WHAT'S INSIDE: A VANISHED STYLE OF BOURBON
In 2013, the Los Angeles Whiskey Society opened a dozen prohibition era medicinal pints from the same 1916 and 1917 vintages. The results were revelatory. Tasters described whiskeys profoundly different from modern bourbon, characterized by bold, assertive rye spice and a flavor intensity that today's production rarely approaches. The unanimous conclusion: whiskey just isn't made like this anymore.
There are real reasons for that. Pre prohibition bourbon was distilled and entered the barrel at lower proofs. Distillers used proprietary yeast strains lost when their operations shuttered. The limestone water, stone warehouses, and slower production pace all contributed to profiles that are literally irreproducible today.
With 10 years of barrel maturation and bottled at 100 proof, Old Oscar Pepper 1916 sits in the sweet spot for these medicinal bottlings. Younger examples can drink hot and underdeveloped. Older ones sometimes show too much oak. A decade in barrel, from a distillery that had been perfecting its craft for a century, is the kind of confluence that makes collectors pay attention.
WHY COLLECTION '86 CARRIES OLD OSCAR PEPPER 1916
Collection '86 features the Old Oscar Pepper 1916 Prohibition Medicinal Whiskey because of what it represents.
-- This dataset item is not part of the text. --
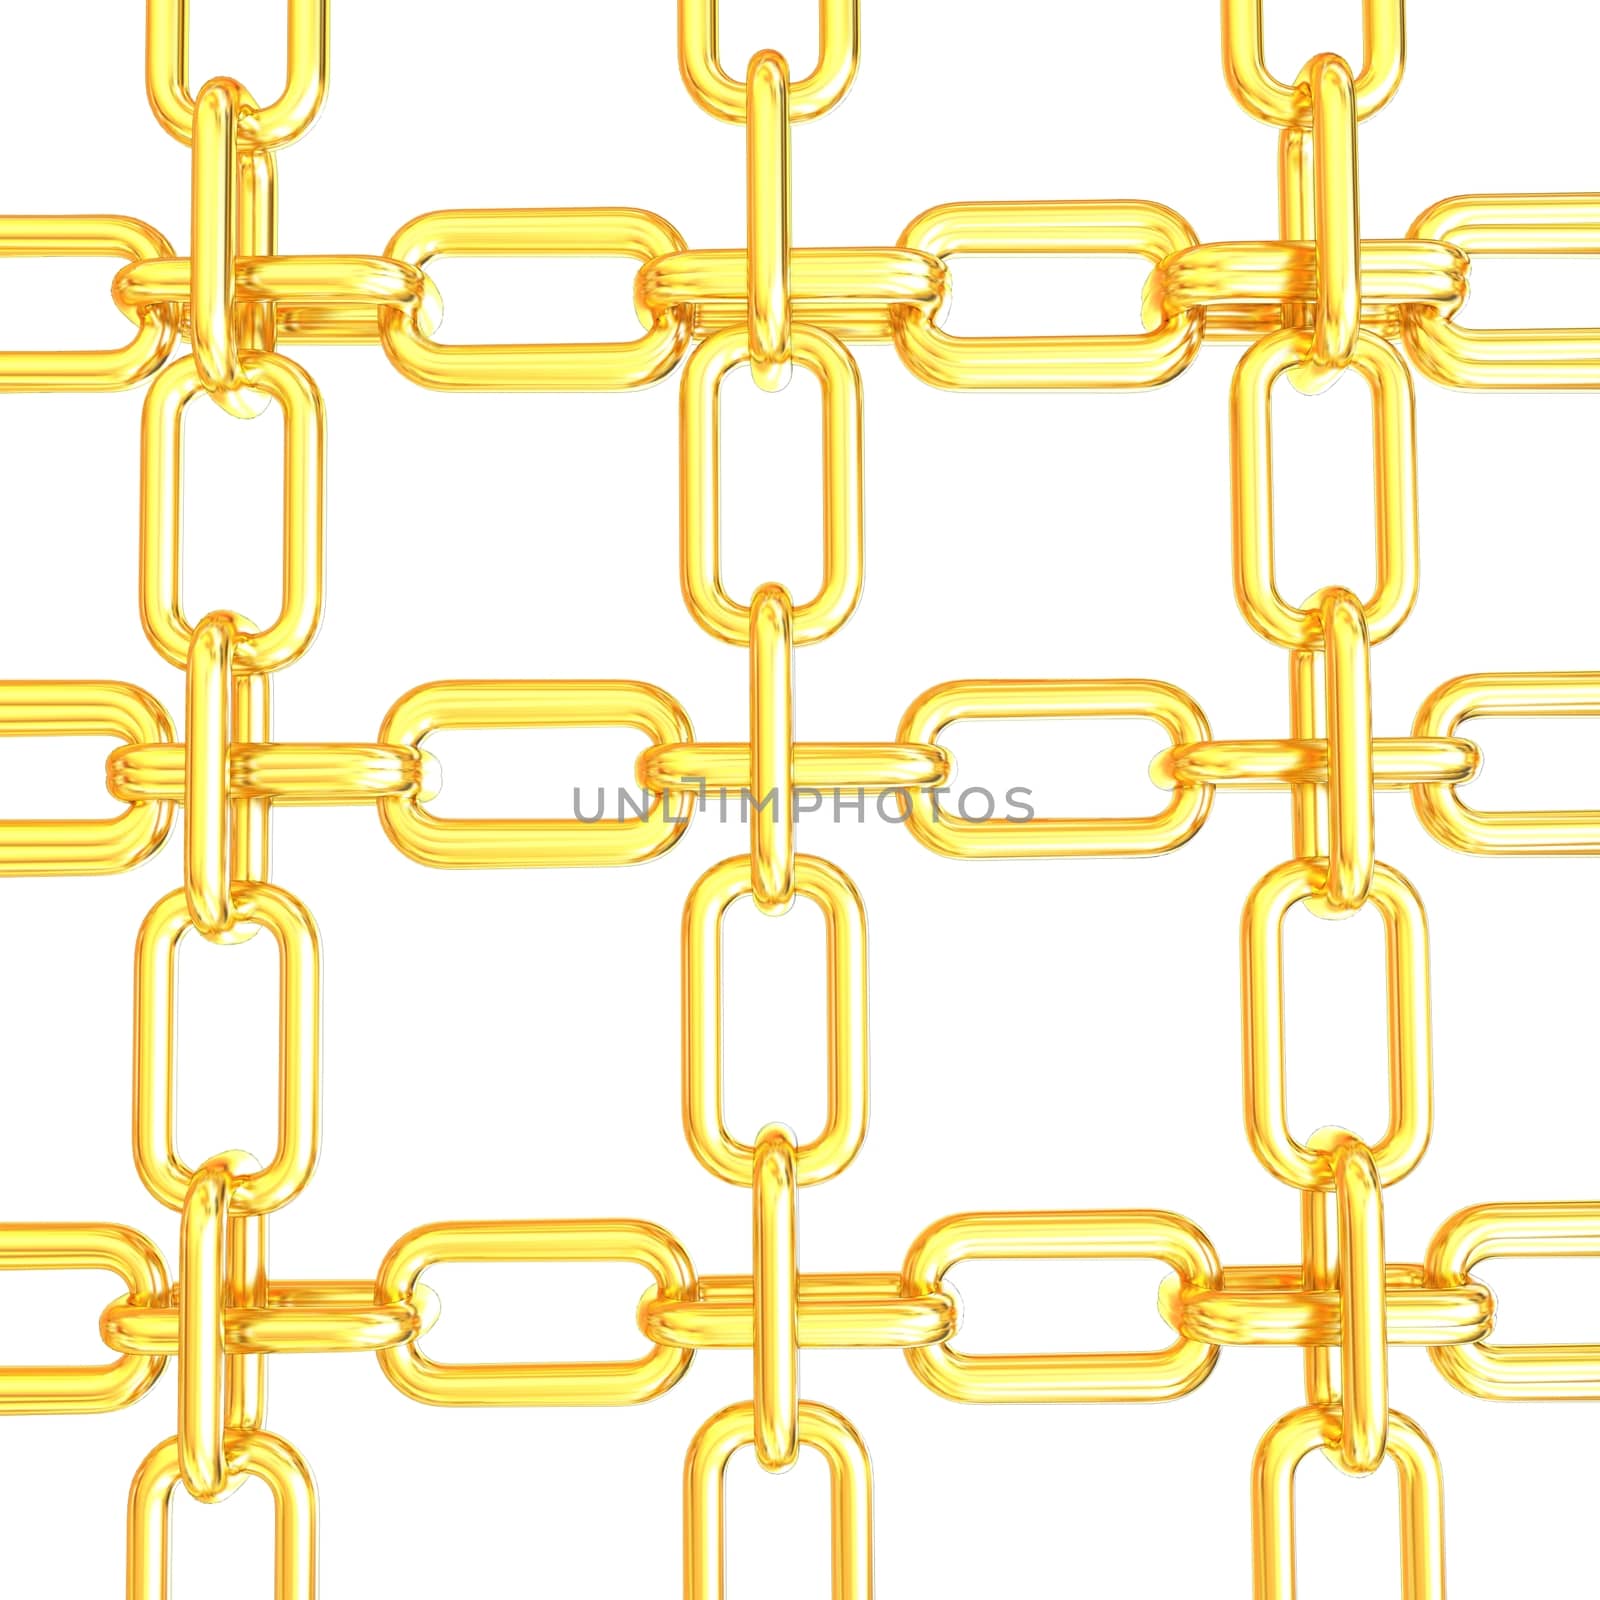 Gold chains isolated on white background

This is bourbon produced at the site that gave us sour mash fermentation, that shaped the work of James Crow and E.H. Taylor Jr., and that now operates as one of the most visited distilleries in the world. The distillery was designated a National Historic Landmark in 2000.
This is not a bottle you open. It is a bottle you study. A century old artifact from a distillery that helped invent bourbon, bottled during an era that nearly destroyed it, carrying a label that reminds you of the absurd lengths Americans went to just to keep whiskey legal.
It is history you can hold in your hand. And there are almost none left.